▶ _What you need to do_
From the first line to the last, print the material exactly, skipping the pictures.

***** Data excerpt *****

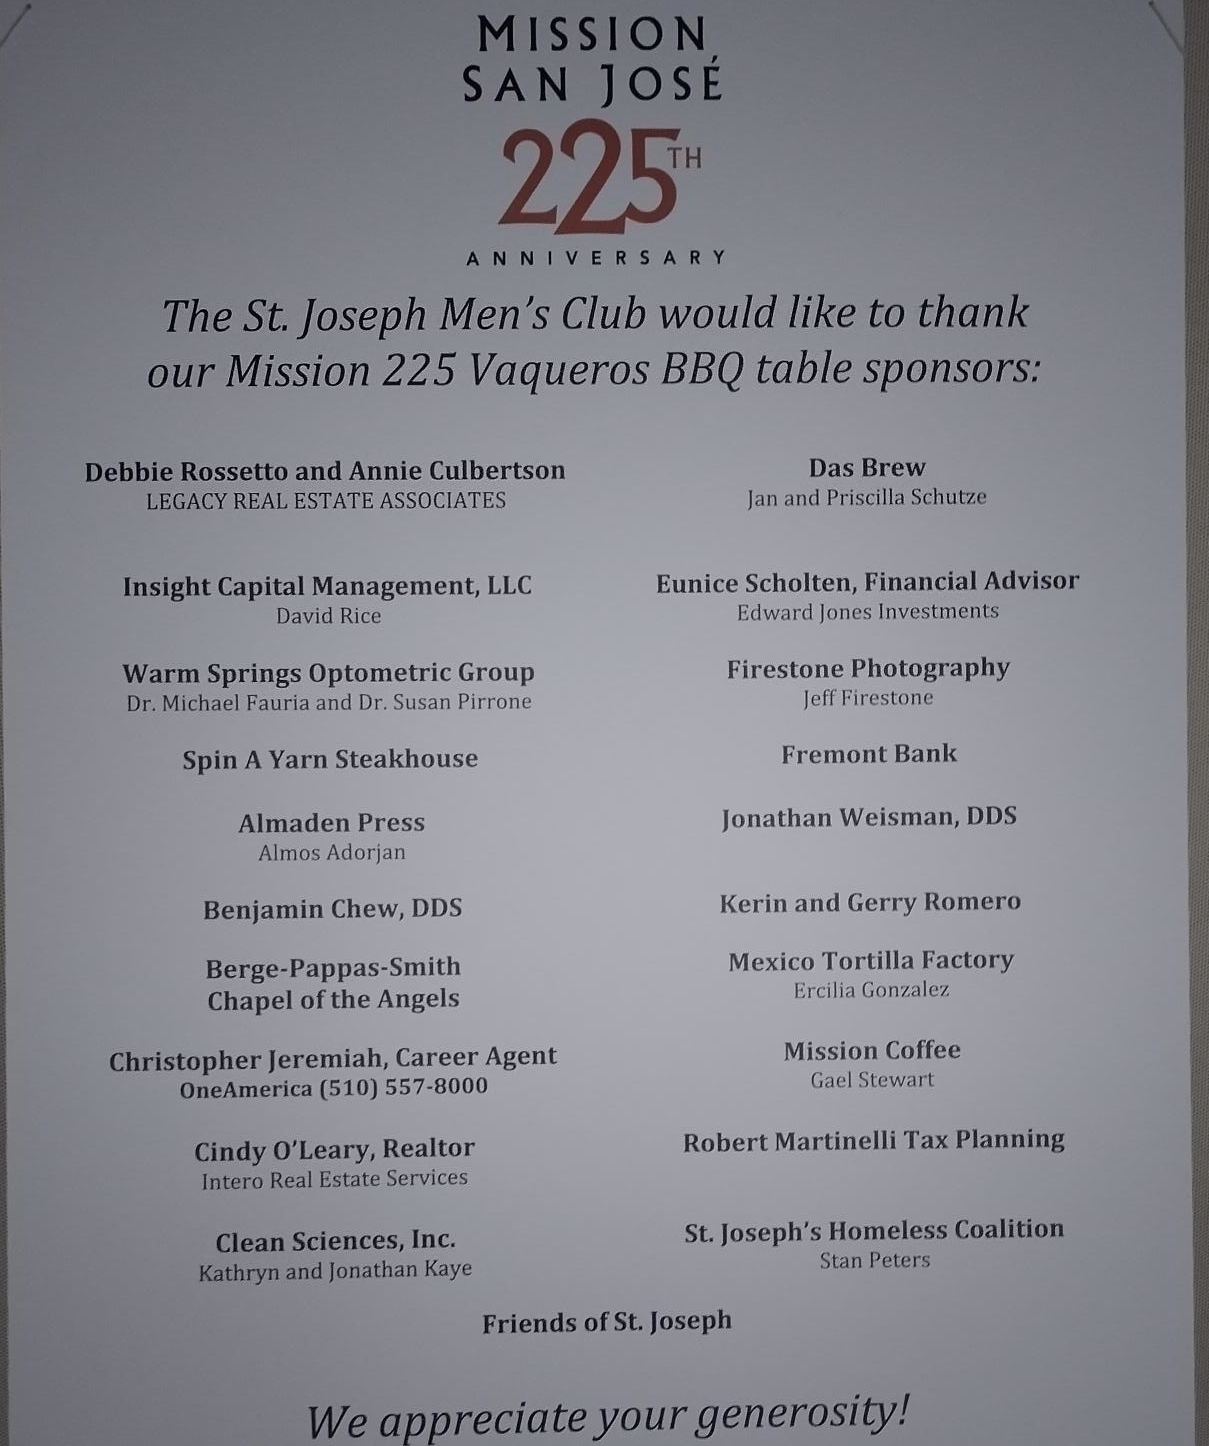 The St. Joseph Men’s Club would like to thank our Mission 225 Vaqueros BBQ table sponsors
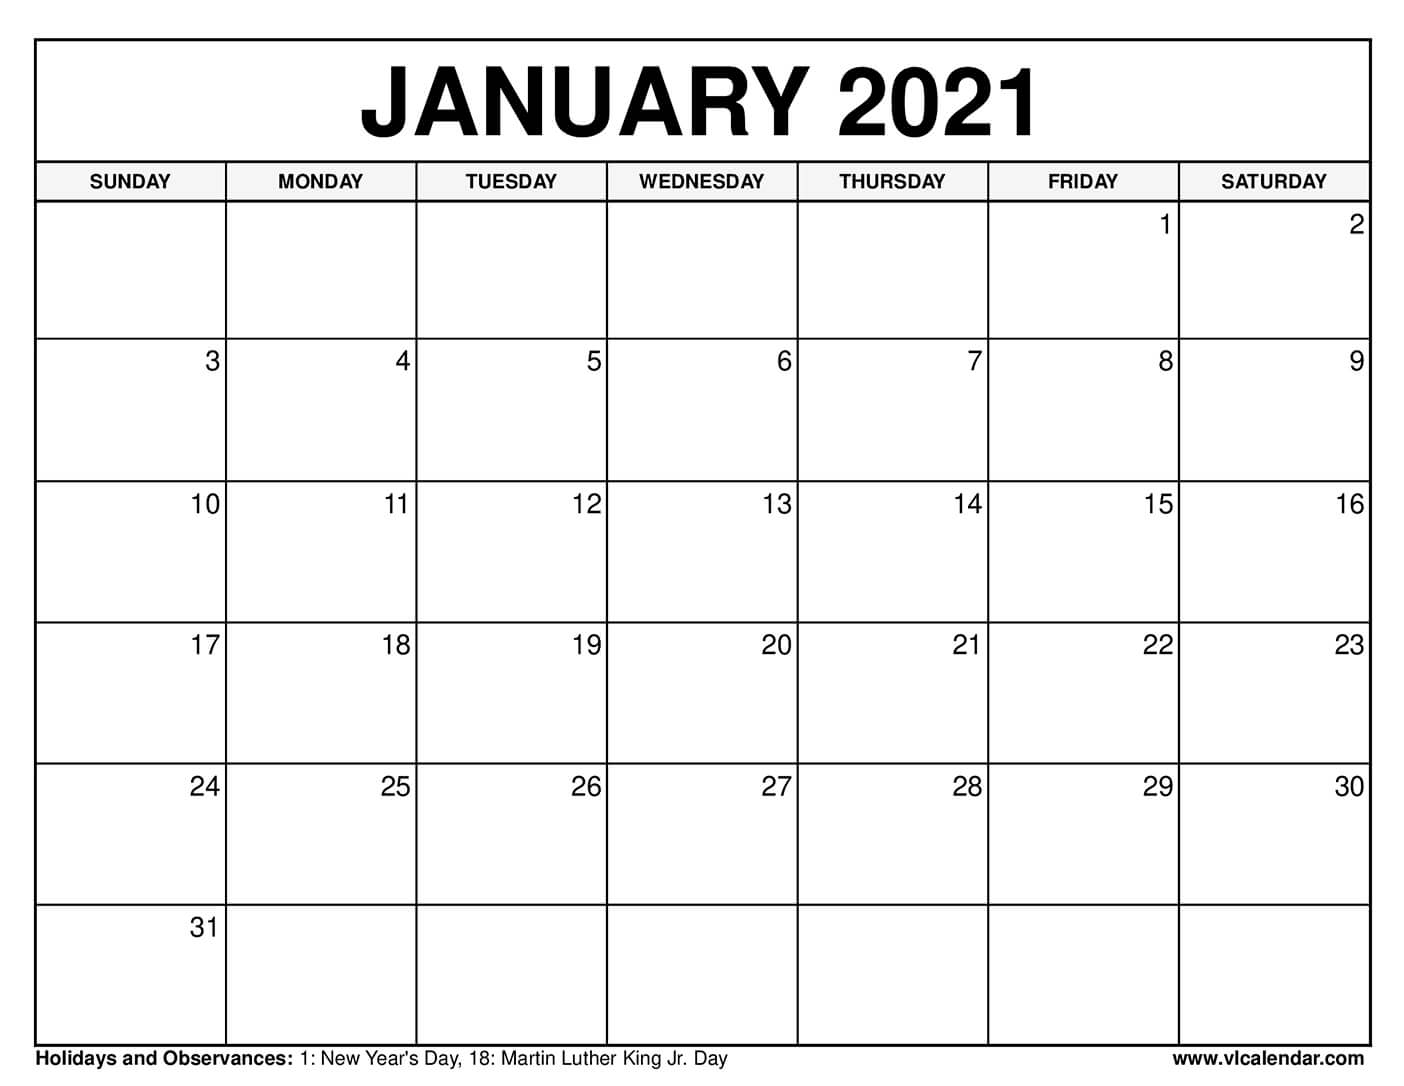 Is January 20th 2021 a holiday?
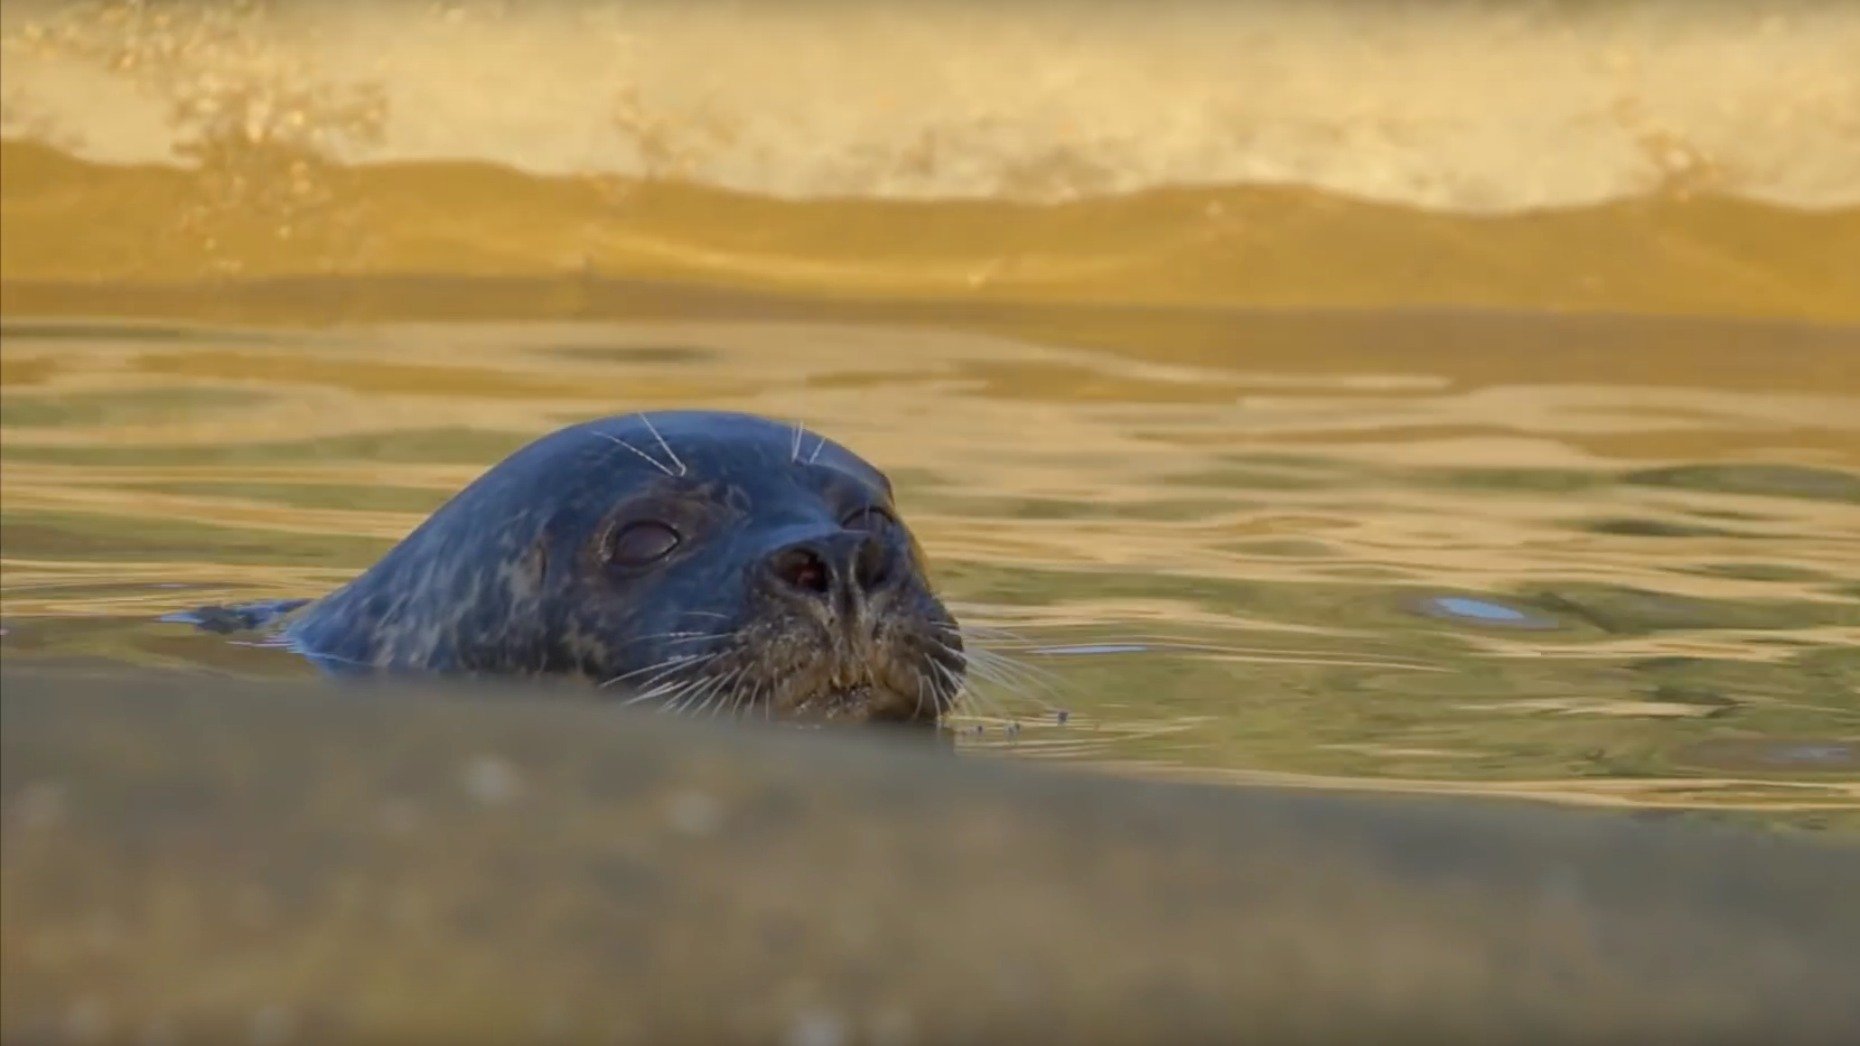 Photo: Mablethorpe seal sanctuary and wildlife centre video screenshot

*****

▶ _Problem solution_
 The St. Joseph Men’s Club would like to thank our Mission 225 Vaqueros BBQ table sponsors
 Is January 20th 2021 a holiday?
 Photo: Mablethorpe seal sanctuary and wildlife centre video screenshot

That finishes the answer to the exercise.